Source data.
◆ ◆ ◆ ◆ ◆ ◆ ◆

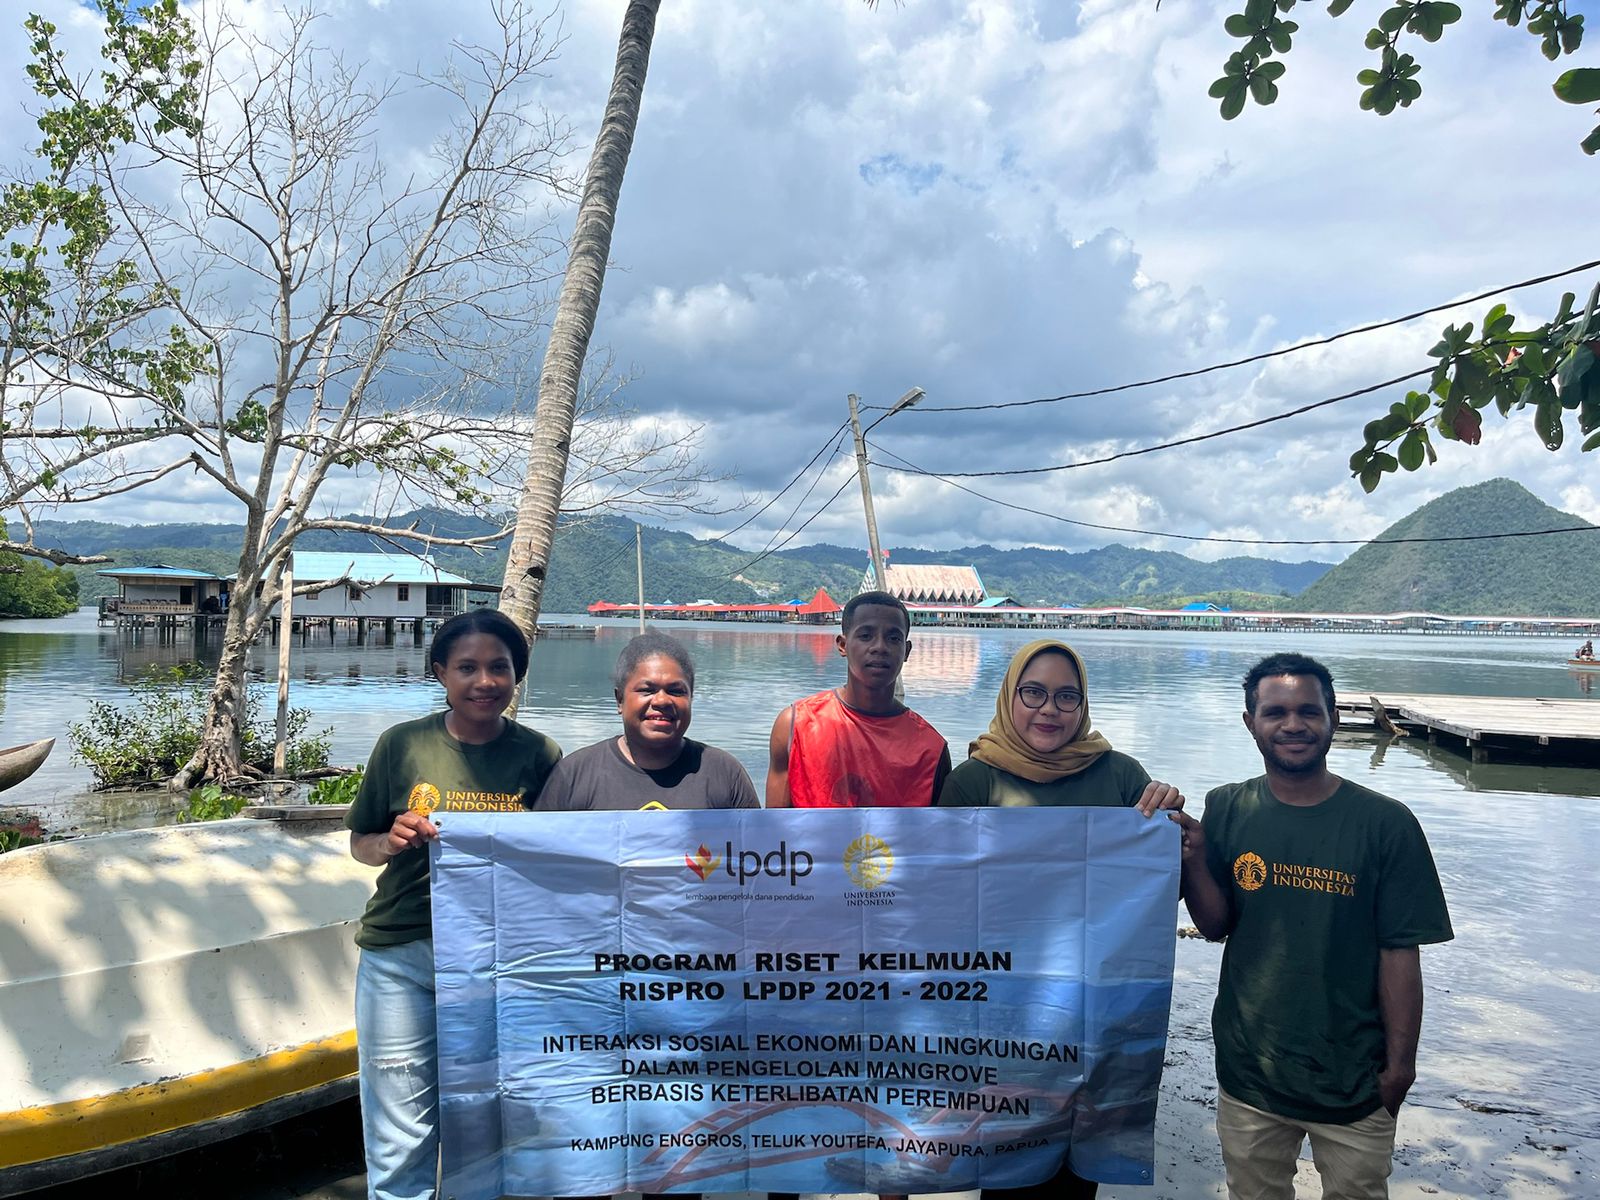 Riset Ilmu Lingkungan UI : Hutan  Perempuan Suku Enggros Papua dalam Kondisi Tercemar dan Kritis
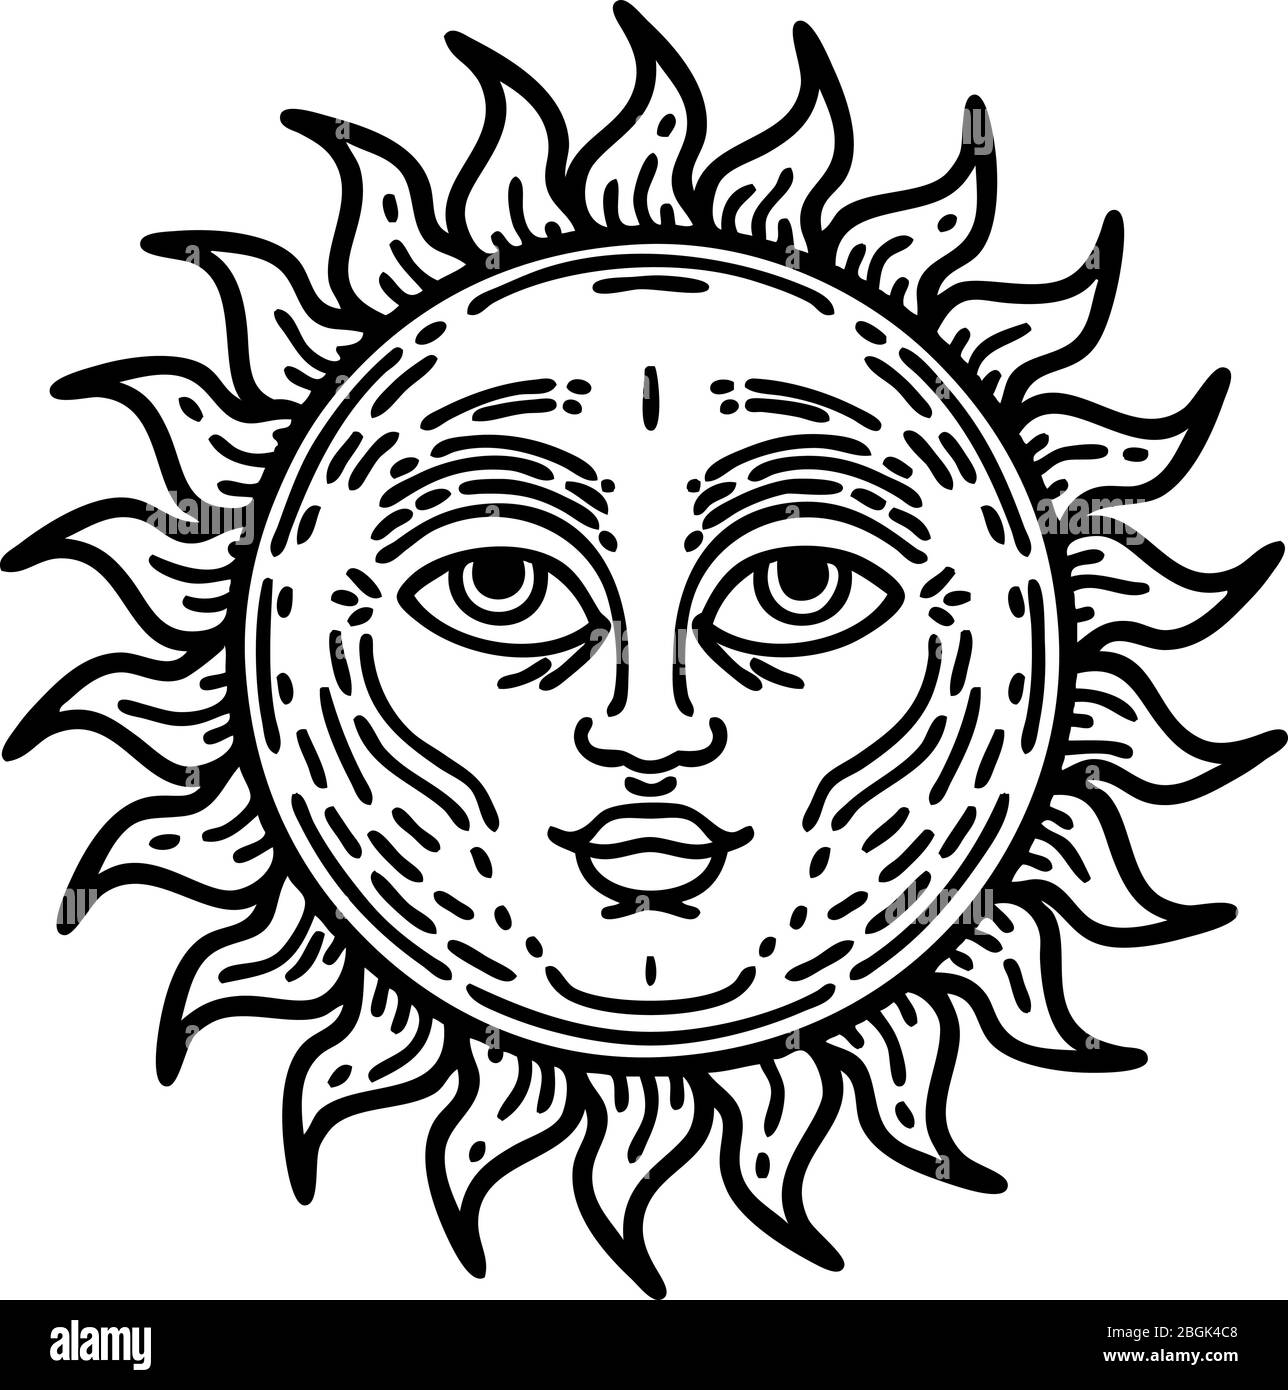 Cloudy Sun Tattoo Design  Cloudy Sun  Coyote Tattoo Designs
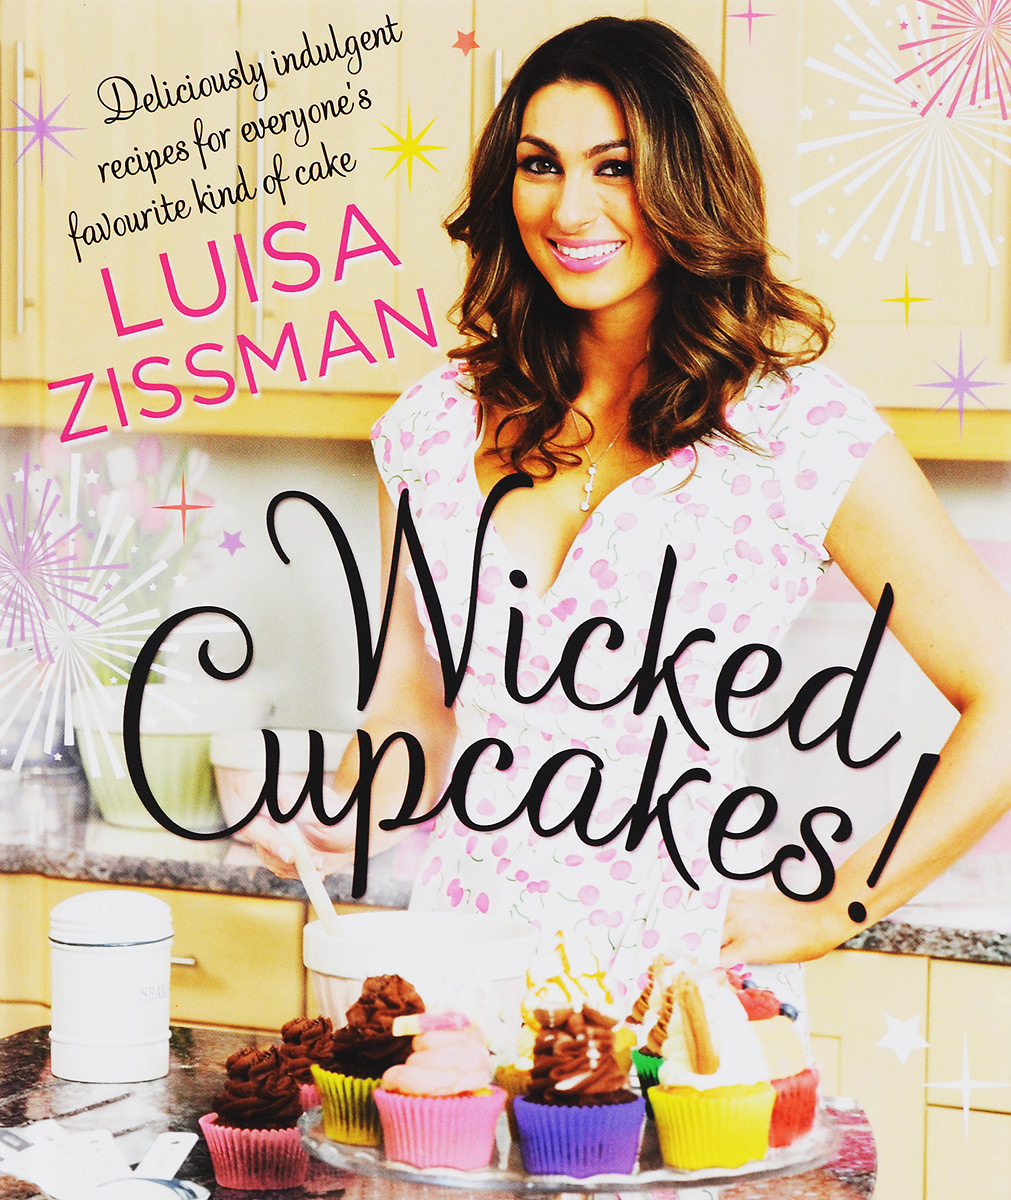 Wicked Cupcakes! | Zissman Luisa #1
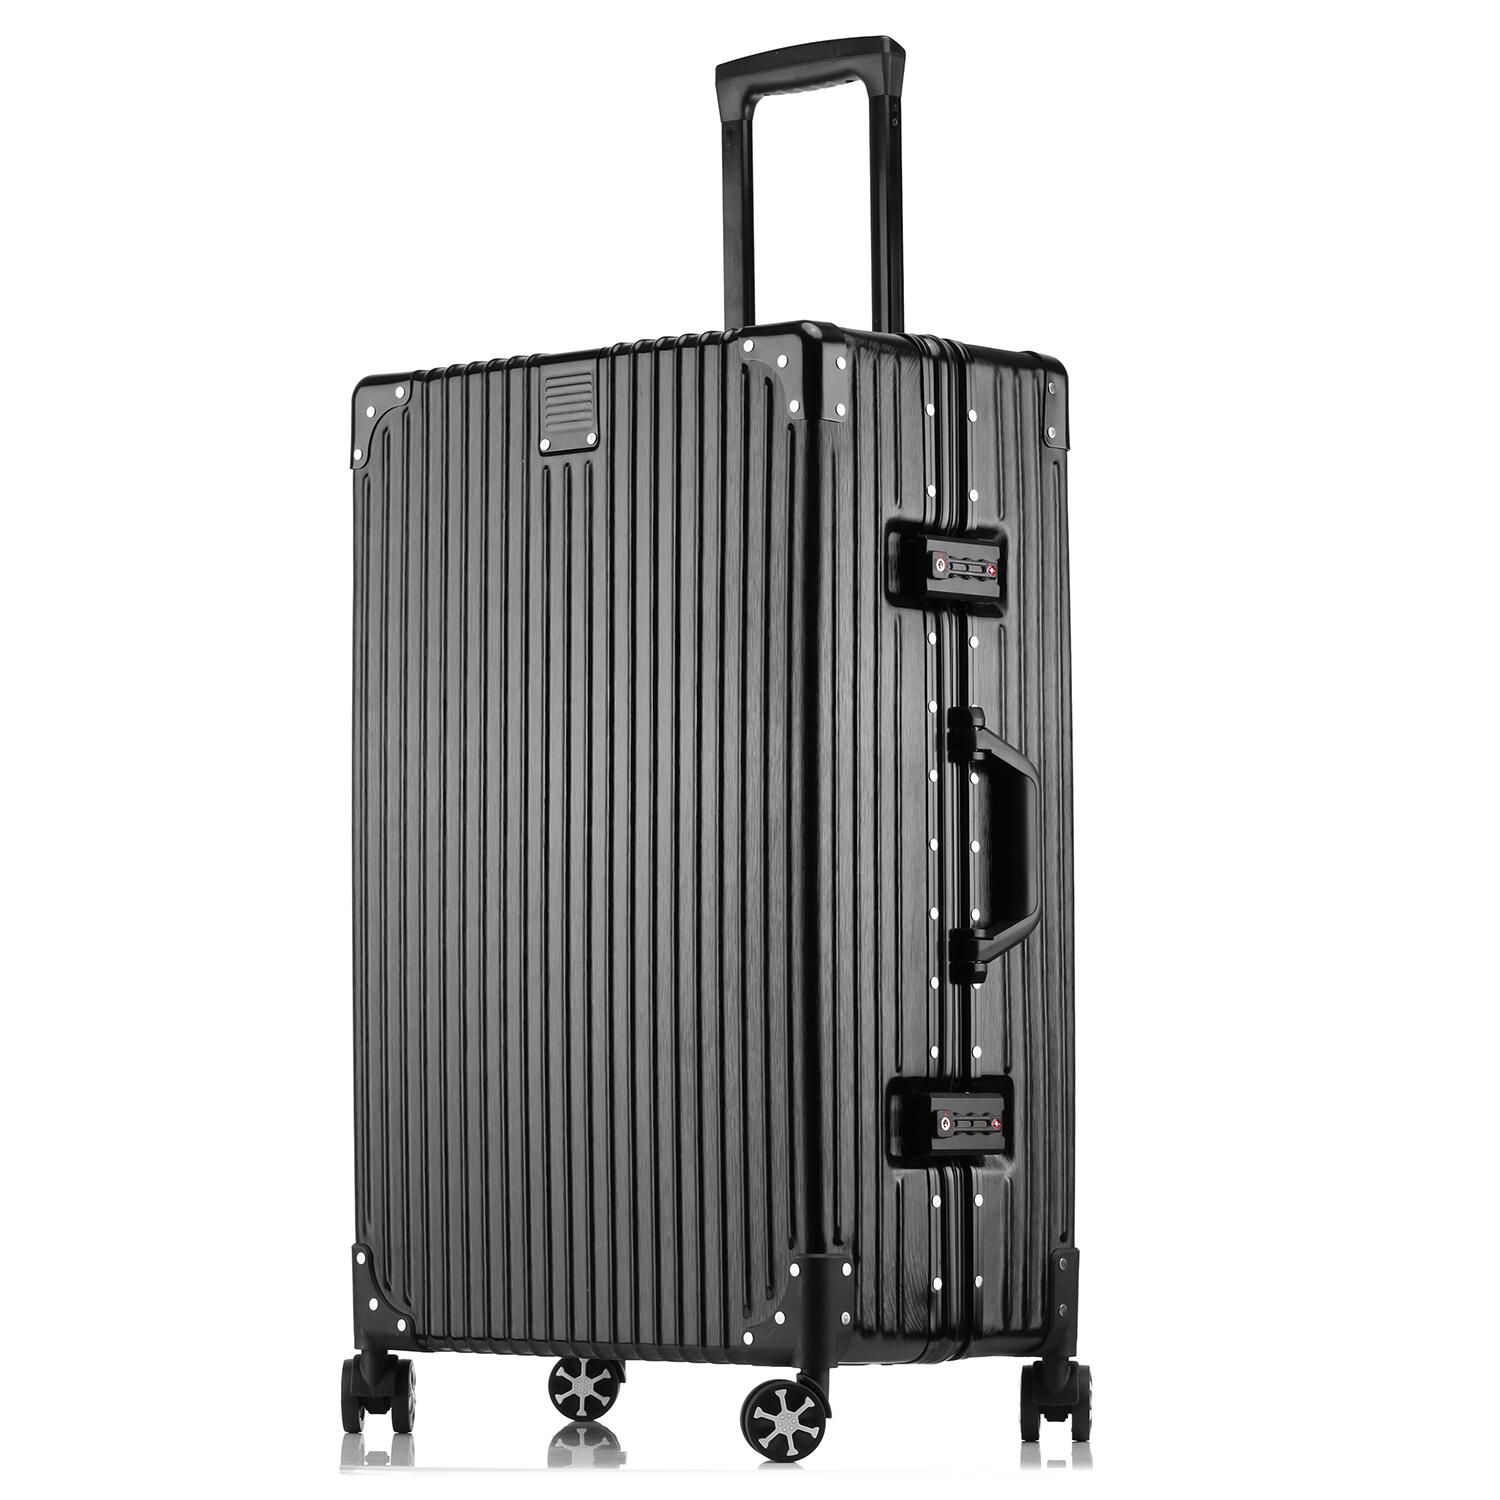 スーツケース キャリーバッグ キャリーケース トランクケース トロリーケース アルミフレーム Lサイズ 軽量 ダブル 大型 大容量 空港 旅行カバン 世界基準 TSAロック ダイヤルロック 送料無料

◆ ◆ ◆ ◆ ◆ ◆ ◆

Restrict the output to the lines from the one with "Wicked Cupcakes! | Zissman Luisa #1" through the last line of the material above. Print them exactly, leaving out every picture.

Exercise answer.
 Wicked Cupcakes! | Zissman Luisa #1
 スーツケース キャリーバッグ キャリーケース トランクケース トロリーケース アルミフレーム Lサイズ 軽量 ダブル 大型 大容量 空港 旅行カバン 世界基準 TSAロック ダイヤルロック 送料無料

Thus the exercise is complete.